Was the Resurrection a Result of Mass Hallucinations?

There are two facts one must address to disprove Christianity:

  • The historical evidence in favor of the resurrection
  • The rapid growth of Christianity in a hostile environment

In part one of our series we looked at the idea the Jesus’ body was stolen. In part two we considered the possibility that Jesus didn’t really die at all. Today we’ll consider the idea that the post crucifixion sightings of Jesus were mass hallucinations.

This theory was first popularized by David Strauss[1]. It’s the belief that the Apostles experienced mass hallucinations which explain their belief that Jesus rose from the dead. In their grief, guilt, and shock that Christ was killed, they had psychological experiences (collective or subjective) where they believed they saw something that wasn’t there.

Last Supper with Jesus and The Apostles How Might Have Experienced a Mass Hallucination
The Last Supper – Renata Sedmakova / Shutterstock.com


According to this theory, we find parallels of this sort of thing all over the world:

  • Many people claim to have seen statues of Mary crying
  • Ghosts sightings
  • Alien abductions

Chris Hallquist, comparing Christ’s resurrection to stories of those who claim to have been abducted by aliens, says this:

The short of it is that there are many people in the US today who, as far as anyone can tell, sincerely believe they have been abducted by space aliens. They aren’t all lone psychiatric patients; there are organizations for these people.[2]

Is this a parallel to the accounts of sighting of Jesus recorded in history? Is it possible that resurrection stories come from followers of Christ who, in their grief, so wanted to believe that Christ rose from the dead, they hallucinated it? Yes, it’s possible. But remember this: possibilities do not amount to probabilities. While the swoon theory is possible, it is certainly not probable.

Related Product: The Resurrection of Jesus by Dr. Gary Habermas

The problems for the mass hallucination theory don’t end there. Let’s look at four flaws in this theory:

1. Hallucinations Don’t Happen in Mass

There are very few psychologists or psychiatrists who believe that such a thing as mass hallucinations exist. If a hallucination is a subjectively experienced phenomenon explicable in terms of brain chemistry, then mass hallucinations aren’t possible.

A mass hallucination would be like people coming to “Coffee and Theology” at Credo House and realizing that we’d all had the same dream the night before. Not just similar dreams, but exactly the same dream. I would consider this a prophetic miracle (if it’s message coincided with previously revealed revelation from God).

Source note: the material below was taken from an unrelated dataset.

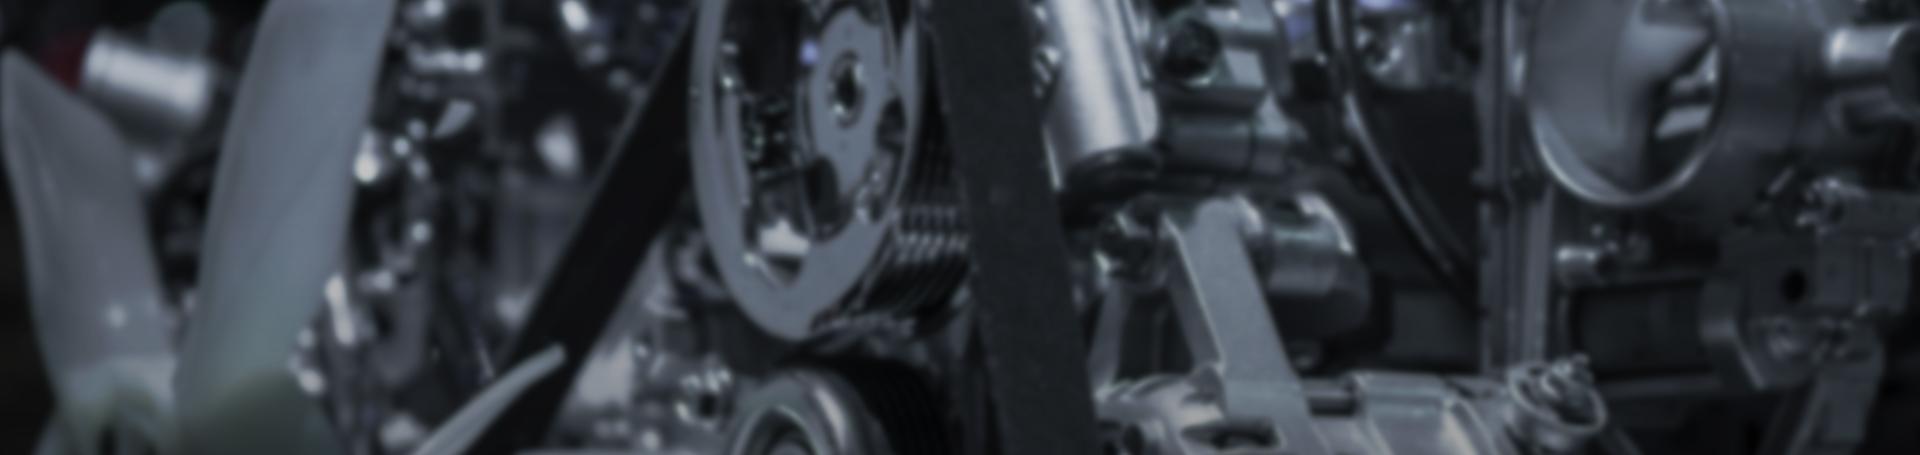 Parts For German Cars Ebay Shops Vw Bug Electric Fuel Pump

The improbability of a mass hallucination (for the naturalist) is so high it would have to be a miracle.  They might as well believe something easier: Christ really did rise from the grave and ascend into heaven. They may still hold to their naturalism, but this would just be a science-of-the-gaps excuse. In other words, there is a scientific explanation; we just don’t know it yet. Think of like this:

  • Resurrection = Miracle
  • Mass Hallucination = Miracle

The mass hallucination theory would be evidence for the supernatural just like Christ’s resurrection. So the mass hallucination argument is not really a naturalistic explanation at all. It’s just swapping one miraculous event for another.

2. Hallucinations Do Not Explain the Empty Tomb

The hallucination theory doesn’t explain the empty tomb of Christ. More specifically, it doesn’t explain why the Apostles didn’t check Jesus’ tomb to see if his body was still there. Forget the Apostles, why didn’t the Romans or the Jewish leaders check the tomb? The fact that they could have checked (thereby nipping Christianity in the bud) and didn’t is telling. Friend and foe alike had an interest in proving what happened to Jesus’ body.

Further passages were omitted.